In 1996, the Supreme Court expressly reaffirmed the Estrada rule. (People v. Nasalga (1996) 12 Cal.4th 784, 792, fn. 7 (Nasalga).) In a prior case, the court had suggested that the rationale of Estrada had been undermined by further developments in penology in this state. (In re Pedro T. (1994) 8 Cal.4th 1041, 1045, fn. 1, citing § 1170, subd. (a)(1) [“Legislature finds and declares that the purpose of imprisonment for crime is punishment”].) In Nasalga, however, the court rejected an invitation to reconsider Estrada in light of this change in penological theory. “In the 31 years since this court decided Estrada, ... the Legislature has taken no action, as it easily could have done, to abrogate Estrada.” (Nasalga, at p. 792, fn. 7.) In short, in Nasalga the court reaffirmed the Estrada rule on the ground of legislative acquiescence, regardless of the continuing persuasiveness of the Estrada rationale. (Cf. People v. Meloney (2003) 30 Cal.4th 1145, 1161 (Meloney) [“ ‘ “[when] a statute has been construed by judicial decision, and that construction is not altered by subsequent legislation, it must be presumed that the Legislature is aware of the judicial construction and approves of it” ’ ”].) After Nasalga, it is no longer open to debate whether the fact that the Legislature enacted a statute that mitigates punishment supports an inference that the Legislature intended the statute to apply retroactively. (Nasalga, at p. 792, fn. 7.)
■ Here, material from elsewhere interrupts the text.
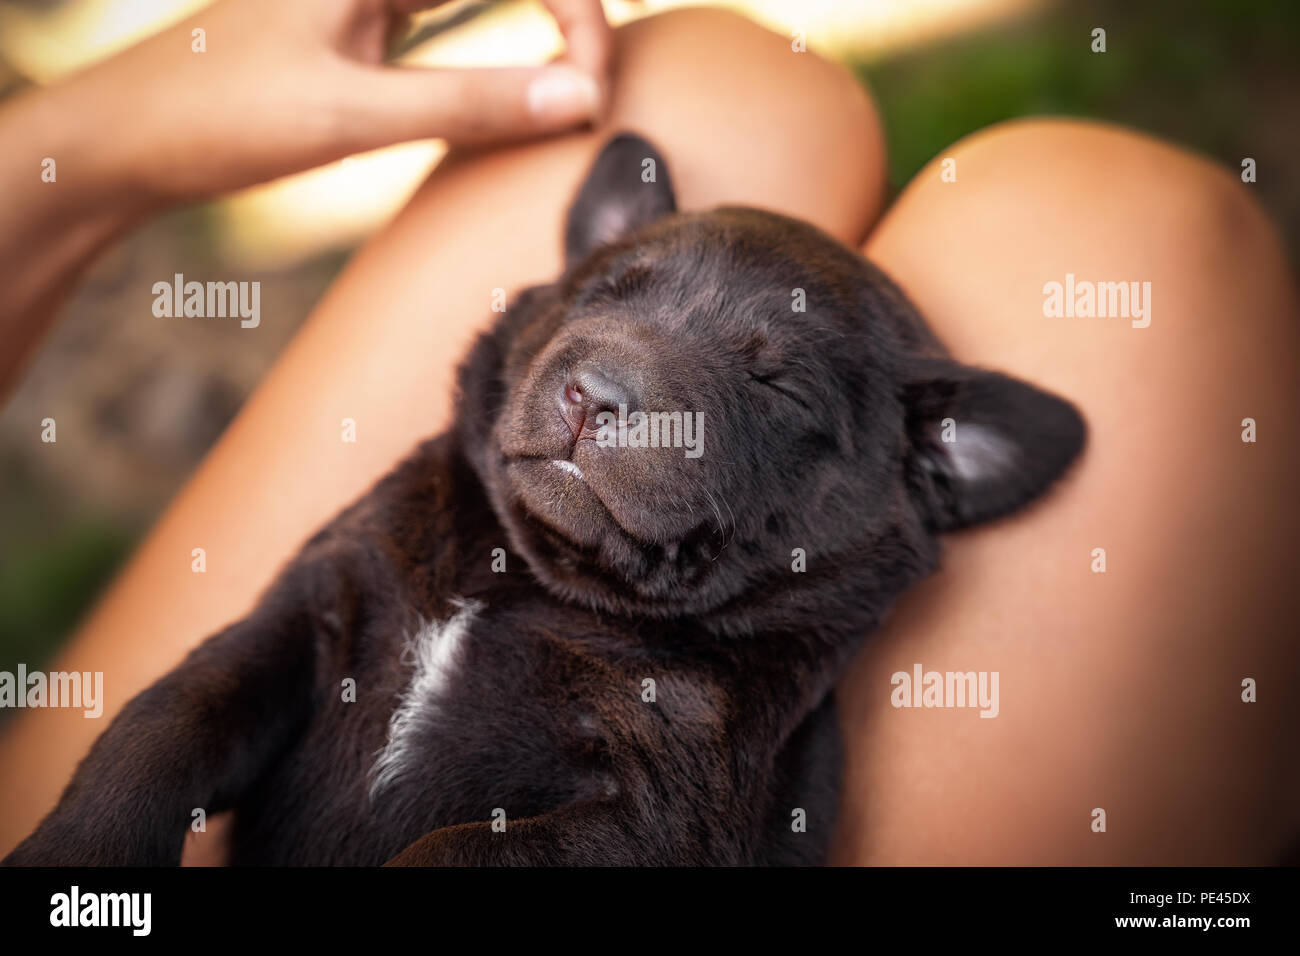 young cute labrador retriever dog puppy Stock Photo

Notably, during that 31-year period the Supreme Court had repeatedly followed and applied Estrada. (See, e.g., People v. Francis (1969) 71 Cal.2d 66, 75–76; People v. Rossi (1976) 18 Cal.3d 295, 298–300; People v. Chapman (1978) 21 Cal.3d 124, 126–127; People v. Babylon (1985) 39 Cal.3d 719, 721–722; Tapia v. Superior Court (1991) 53 Cal.3d 282, 300–301.)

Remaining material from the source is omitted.